Nanostructured Cobalt Oxide Directly Grown on Carbon Cloth for High-Capacity Lithium-Ion Battery Electrodes

Abstract

Nowadays, with the breakthrough development of various smart devices and electric vehicles that require a large power supply, rechargeable lithium-ion batteries are the most attractive energy storage system because of their high energy density and long lifetime by low self-discharge rate and no memory effect [1,2]. However, due to ever-increasing demands for rechargeable batteries with higher energy density, it is necessary to develop suitable electrode materials to satisfy the sufficient capacity and energy density required for large-scale energy storage systems [3]. As a commercial lithium-ion battery anode, graphite is widely used due to its low operating potential and high stability. However, it cannot fulfill the considerable demands of large-scale energy storage owing to its low practical capacity. As alternatives, transition metal (TM; Mn, Fe, Co and Ni) oxides have attracted great attention due to their high capacity.
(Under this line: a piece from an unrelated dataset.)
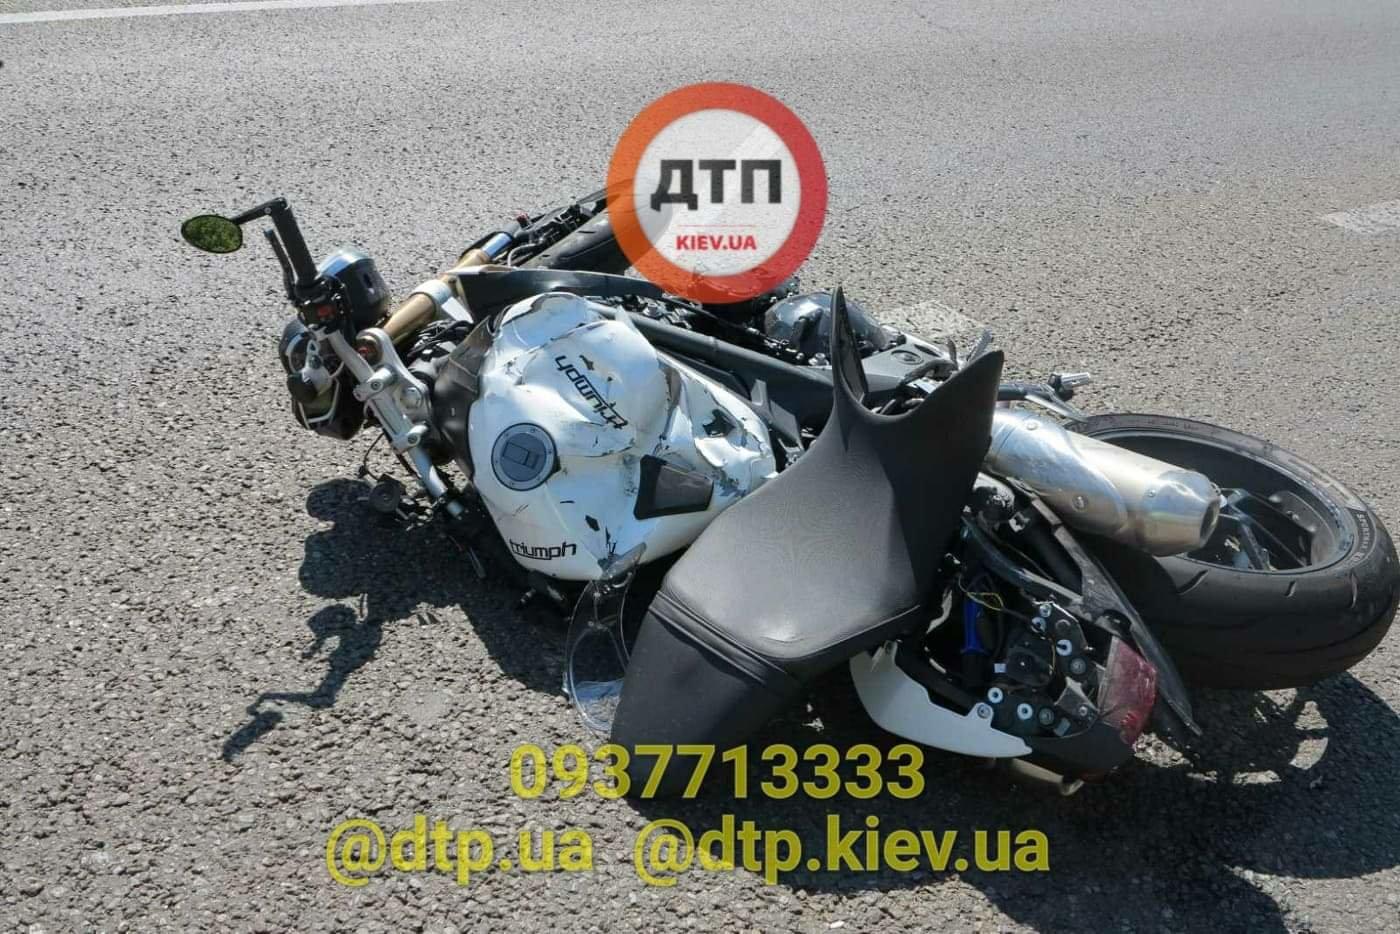 В Киеве произошло серьезное ДТП: легковушка сбила мотоциклиста - ФОТО, фото-4

In this work, we develop the cobalt oxide (Co3O4) with attractively nanostructured architectures (nanowire, nanosheet) directly grown on carbon cloth substrate by a facile hydrothermal reaction followed by heat treatment process. For this, first, Co(NO3)2 and urea are dissolved in deionized water, and then carbon cloth is immersed in the solution. During the hydrothermal reaction, Co2(OH)2CO3·xH2O nanowires or Co2(OH)2CO3 nanosheets are grown on carbon cloth at 90 or 120 °C, respectively. After thermal treatment at 350 °C for 1 h in furnace, Co3O4 nanowires or nanosheets can be obtained. When tested as anodes for LIBs, as-fabricated electrodes without any conductive agents and polymeric binders exhibit high specific capacity because of their large specific surface area and enough space to buffer the volume change during conversion reaction. Therefore, it is considered that these high-performance electrodes can be used as high-capacity anodes for large-scale energy storage system.